Segment Start: Data segment
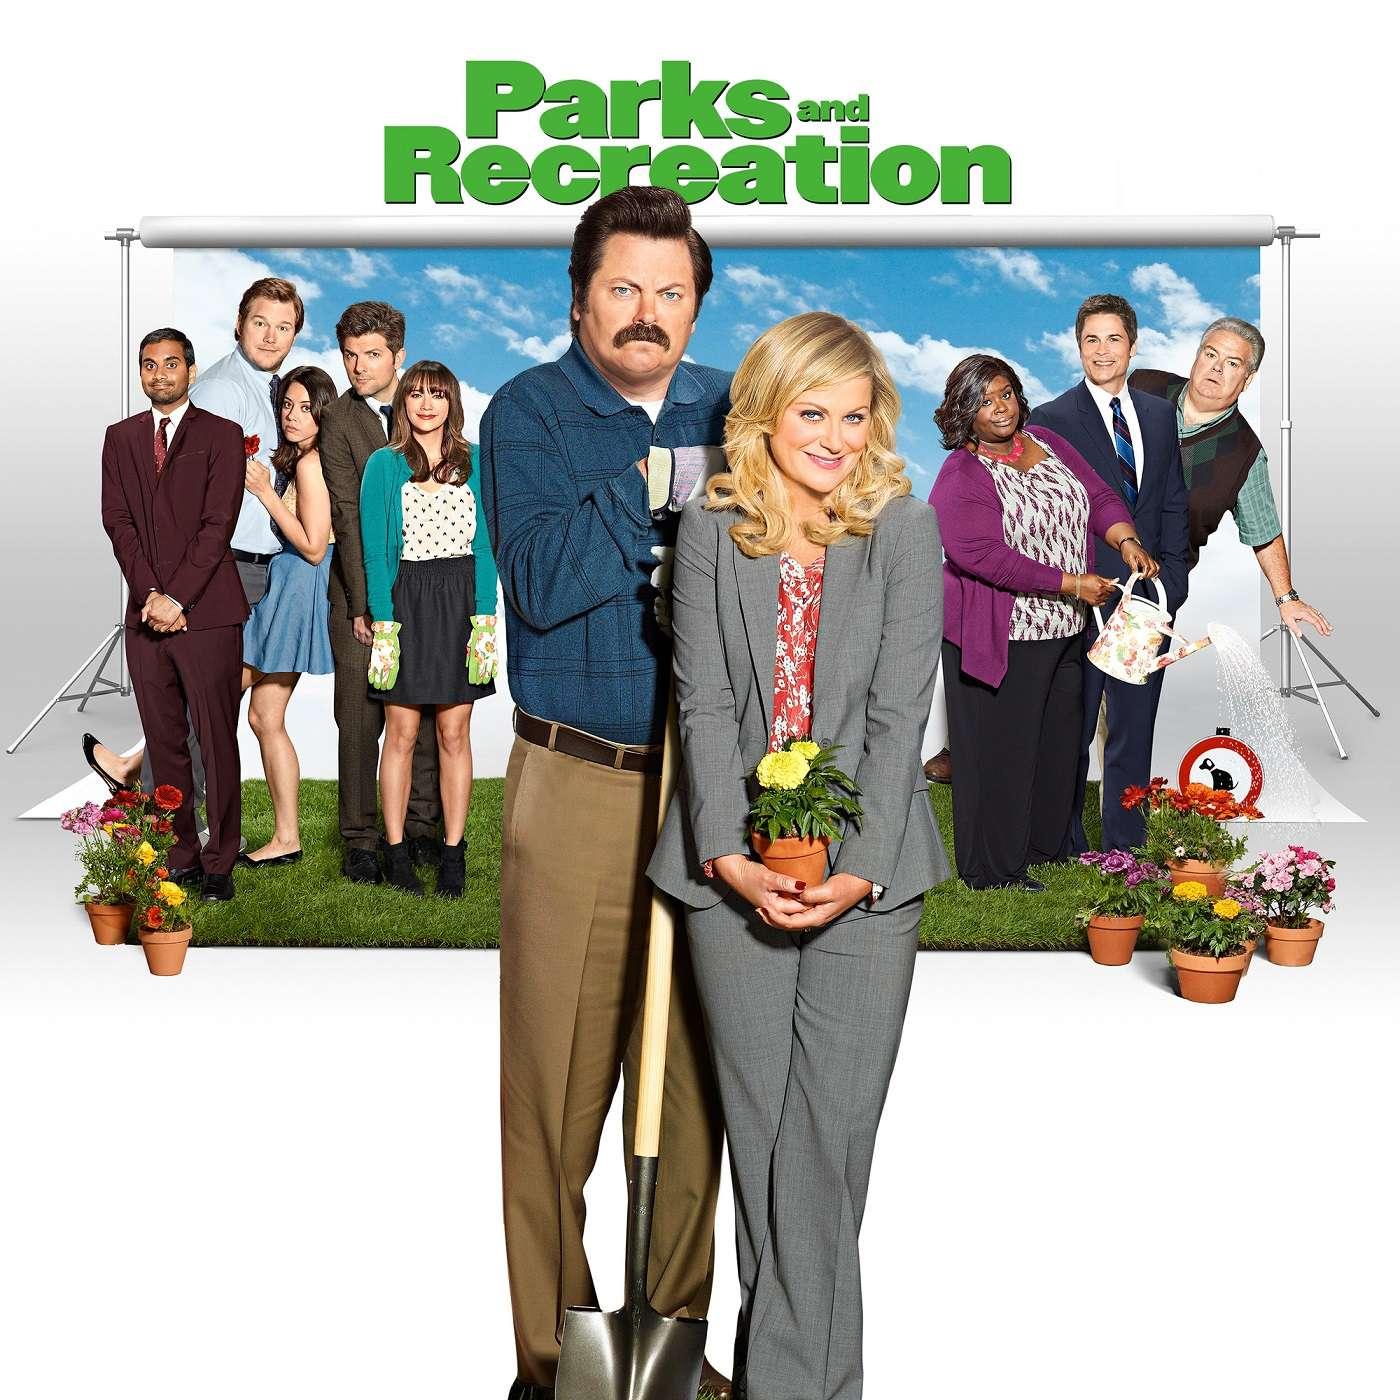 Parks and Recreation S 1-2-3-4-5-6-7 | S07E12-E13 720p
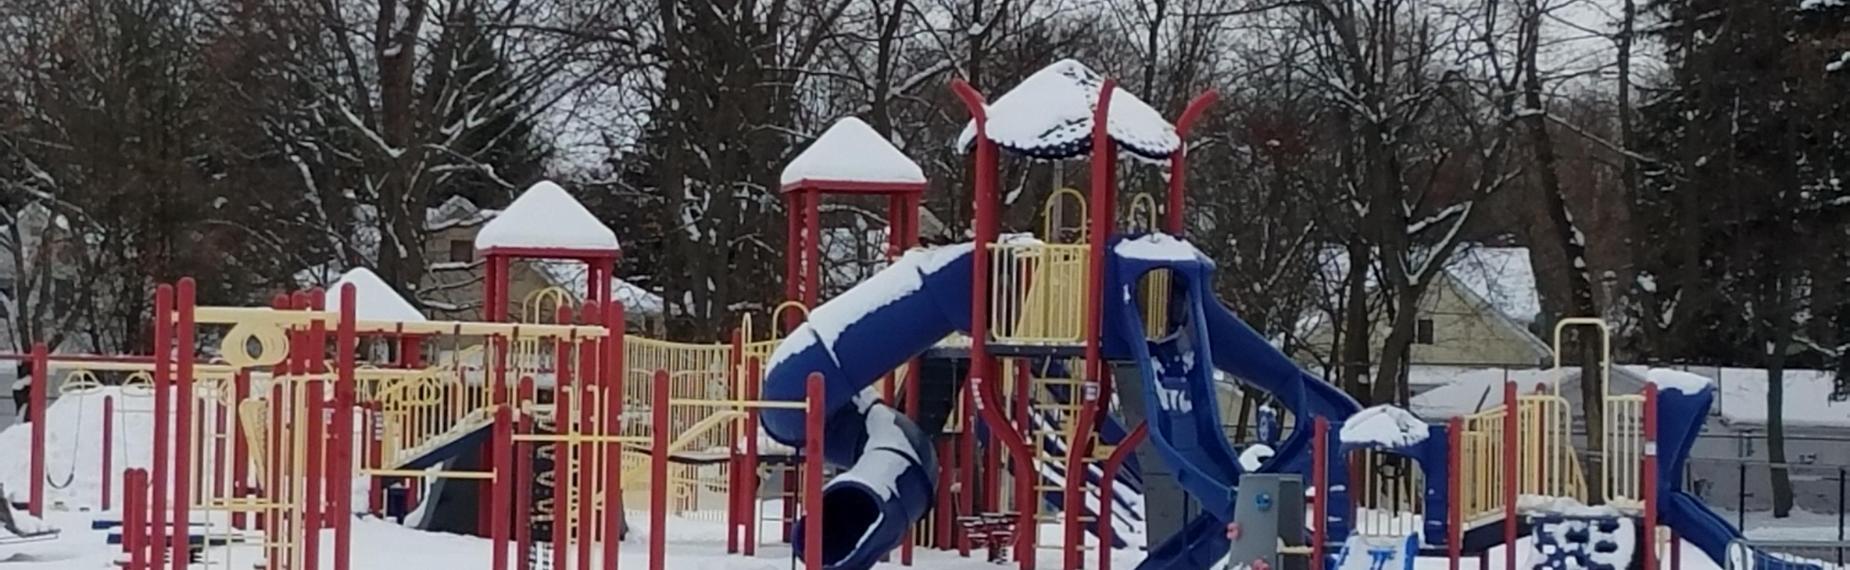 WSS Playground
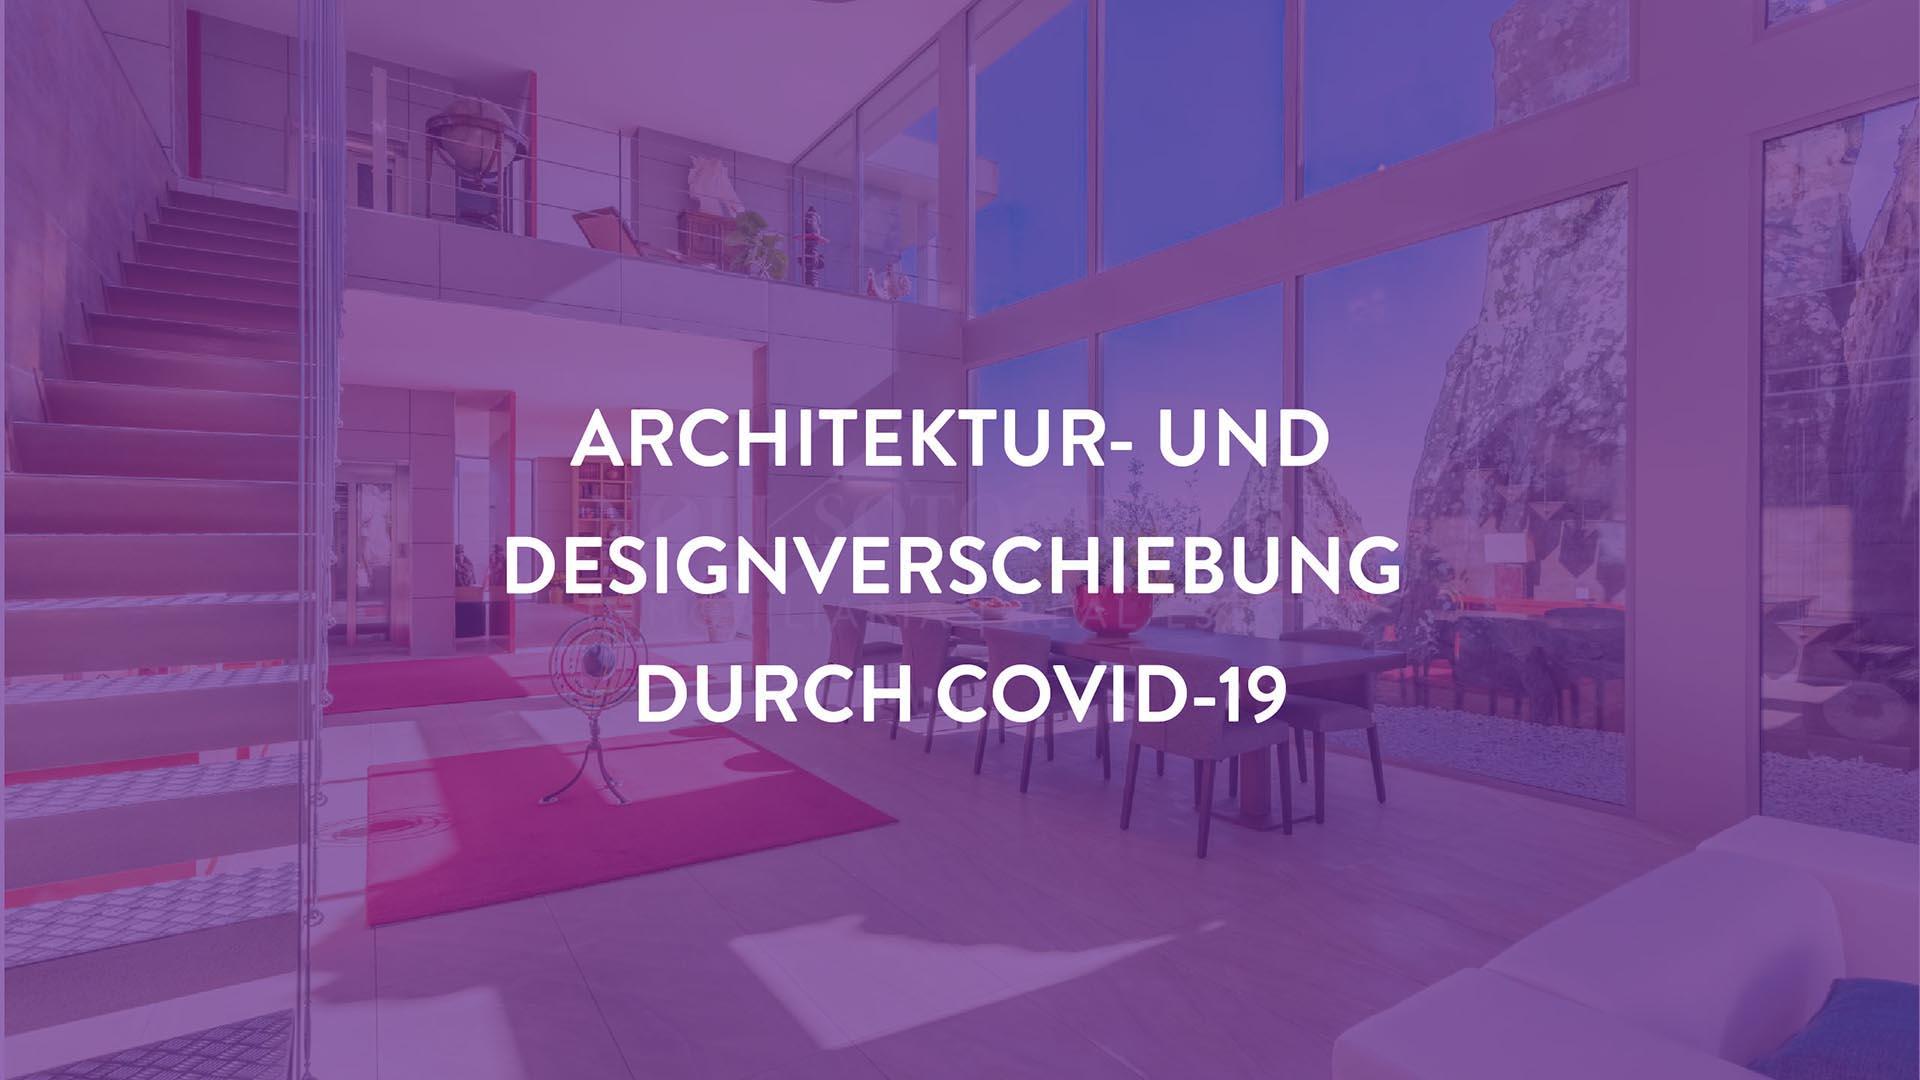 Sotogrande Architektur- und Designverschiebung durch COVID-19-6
Segment End: Data segment
▸ Instructions to follow
The response should be the full material, repeated exactly, with images removed.

▸ Task response
 Parks and Recreation S 1-2-3-4-5-6-7 | S07E12-E13 720p
 WSS Playground
 Sotogrande Architektur- und Designverschiebung durch COVID-19-6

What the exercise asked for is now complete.